Analyses were conducted on five key variables associated with walking: sidewalk presence; observer ratings of attractiveness and safety for walking; connectivity; and number of traffic lanes (proxy for speed/volume). HD neighborhood pedestrian built environment characteristics are described in Additional File 2: Table S2 [HD Neighborhood pedestrian built environment characteristics]. The rating of attractiveness pertained to finding the area aesthetically pleasing and to the existence of destinations. It answered the question: "would you want to walk/bike this segment?" The rating of safety for walking took into consideration not only walking along the sidewalk but crossing the street. "Would a child be safe walking the segment?" Response to safety for cycling considered road attributes such as speed limits and presence of bicycle facilities. All data were collected, entered into an Access database and proofed by two research team members using established protocols [22, 24].

Chi square analyses were used to compare similarity in the five key variables for different geographic areas and different sampling strategies. First, we compared all segments contained within the 400 meter radius buffer from the center point of the housing development (the core) with the segments contained between the 400 meter radius buffer and the 800 meter radius buffer (the ring) as illustrated in Figure 1. Second, we compared all residential segments in the core with three different percentages of randomly selected residential street segments in the core: 75%, 50% and 25%--to determine whether a sample of segments fewer than 100% would still be representative of the pedestrian environment. Analyses were conducted for all neighborhoods combined and separately. Figure 1 graphically displays the geographic comparisons between all roads within the 400 m and 800 m buffers.
Figure 1
Figure 1

Map of Housing Development Neighborhood. Figure 1 graphically displays the geographic comparisons between all segments contained within the 400 meter radius buffer from the center point of the housing development (the core) with the segments contained between the 400 meter radius buffer and the 800 meter radius buffer (the ring).

As presented in Additional File 3: Table S3 [All HD and HD Neighborhood core vs. ring comparison of pedestrian built environment characteristics], a few significant differences were seen between the core and the ring. There was significant variability in sidewalk presence in two neighborhoods, connectivity varied in four neighborhoods, and traffic lanes varied in three. Attractiveness for walking varied significantly between core and ring in three neighborhoods and feelings of walking safety significantly varied in four neighborhoods. General patterns indicated that ratings of attractiveness and safety were lower in the core than in the ring.
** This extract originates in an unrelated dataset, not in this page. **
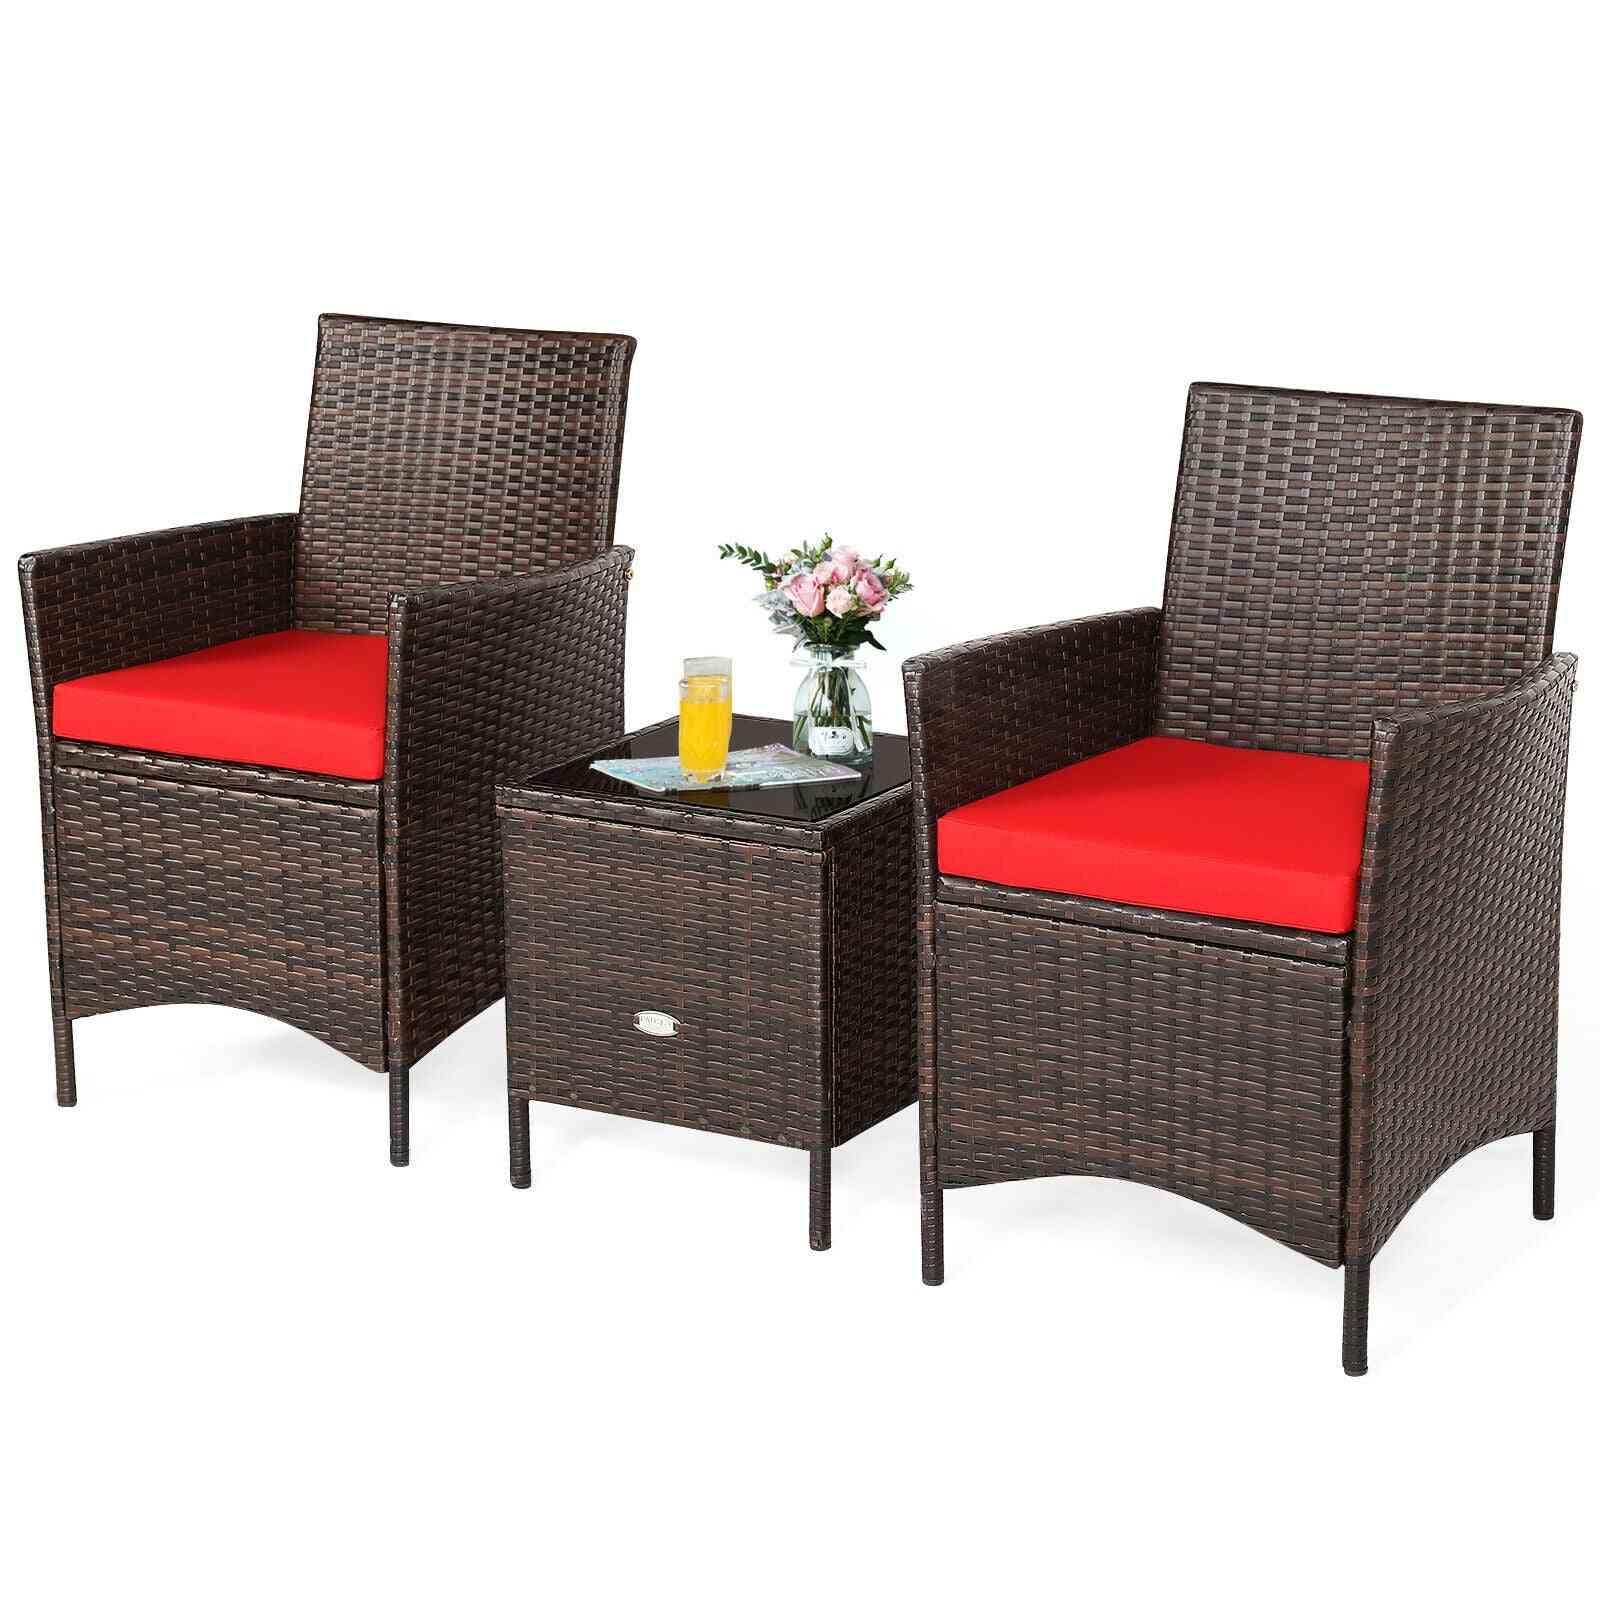 Rattan Furniture Set Cushioned Sofa Glass Tabletop Deck

There were no significant differences in the comparison of the residential street segments in the core compared to a random sample of residential segments (75%, 50% and 25%) as presented in Additional File 4: Table S4 [Comparisons of core vs. random sample of core residential segments (75%, 50% and 25%)].

The goal of this study was to determine the extent of sampling necessary to provide a representative sample of the built environment in residential neighborhoods. Some differences were found when comparing the core to the ring, likely due to the increased variability of arterials in this broader street sample covering a larger geographic area. No differences existed when residential segment samples of 75%, 50% and 25% were compared to the census of all residential streets in the core. These findings suggest that sampling as few as 25% of residential street segments within the 400 m radius of a residence may sufficiently represent the pedestrian environment and provides support for abbreviated data collection schemes of homogeneous street data for efficiency and cost-savings.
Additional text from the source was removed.